Note that I am launching just one warp in the kernel (single threadblock of 32 threads). Even for such a small code, when I profile with nvprof, I see that the read-only cache rates can highly vary. The hit rates that I could see on repeated runs were : 0, 50%, 75%, 87.5% and 100%.

Secondly, the metric texture cache transactions (tex_cache_transactions) was varying across the runs as well. Can someone please provide an insight into this observation?

Thanks!

Greg · December 11, 2014, 5:17am

On CC 3.5 to CC 5.x GPUs the profiler cannot collect all of the raw counters required for the metrics you listed in a single pass. Moreover, it cannot observe the raw counter from all texture units. Launching a single warp for a test is likely to result in the worst case results as it is likely that on some passes the profiler on observes a texture unit on which no work is allocated. If you perform an optimal launch (1 warp per warp scheduler) and the work is deterministic you will see more consistent results. A better option would be to saturate the GPU by doing many waves of consistent work.

rasputin456 · December 11, 2014, 3:24pm

@Greg : My objective here is to understand the texture cache behaviour.
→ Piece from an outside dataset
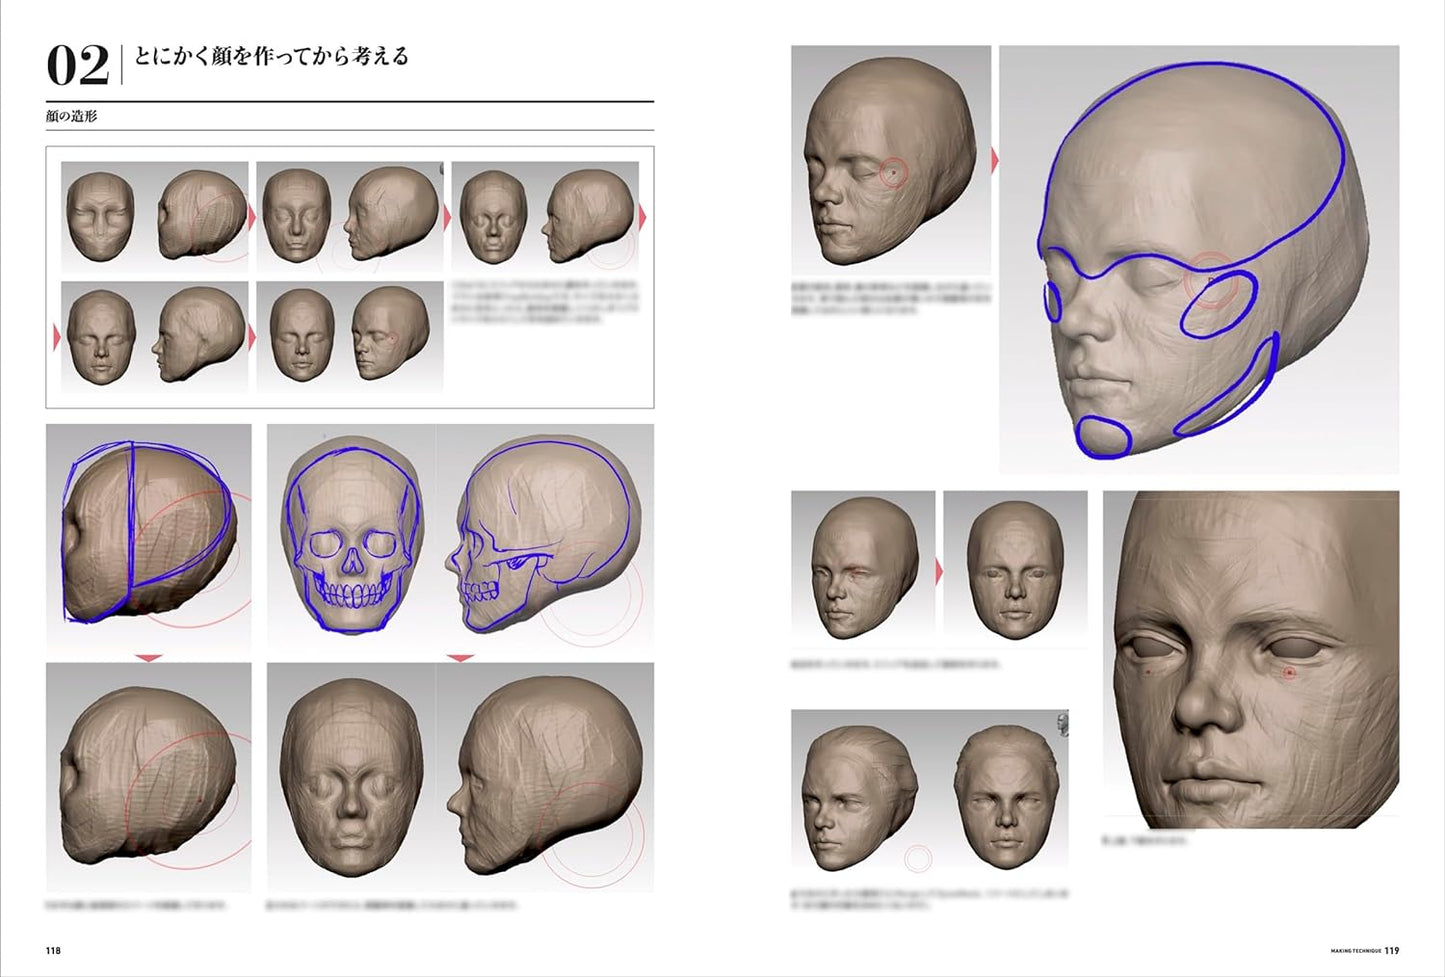 Masato Ohata Artworks/Modeling Techniques "STRING"

If I use multiple waves, due to the way accesses work in this scenario, I can not really reason about why the I see a a particular texture cache hit rate. e.g. if I increase the number of warps in the above simple application to 512, I see that the hit rate is shown to be 50% (across all runs). This is highly unintuitive, since the application is making coalesced memory accesses, and the texture cache block size is 32 bytes, meaning 1 in 8 float accesses is a miss.

Moreover, although I see that not having enough work would lead to sub-optimal profiler performance, what intrigues me is the 100% cache hit rate seen occasionally. IMHO, howsoever less work there may be, the profiler would end up under-estimating the hit rate, not over-estimating it.

Greg · December 12, 2014, 8:29am

Having defined the PM events, written the verification tests, and authored the libraries to collect the PMs I can only say good luck. The texture cache is not intuitive. It was not designed for linear accesses. Variation is due to launching a single warp.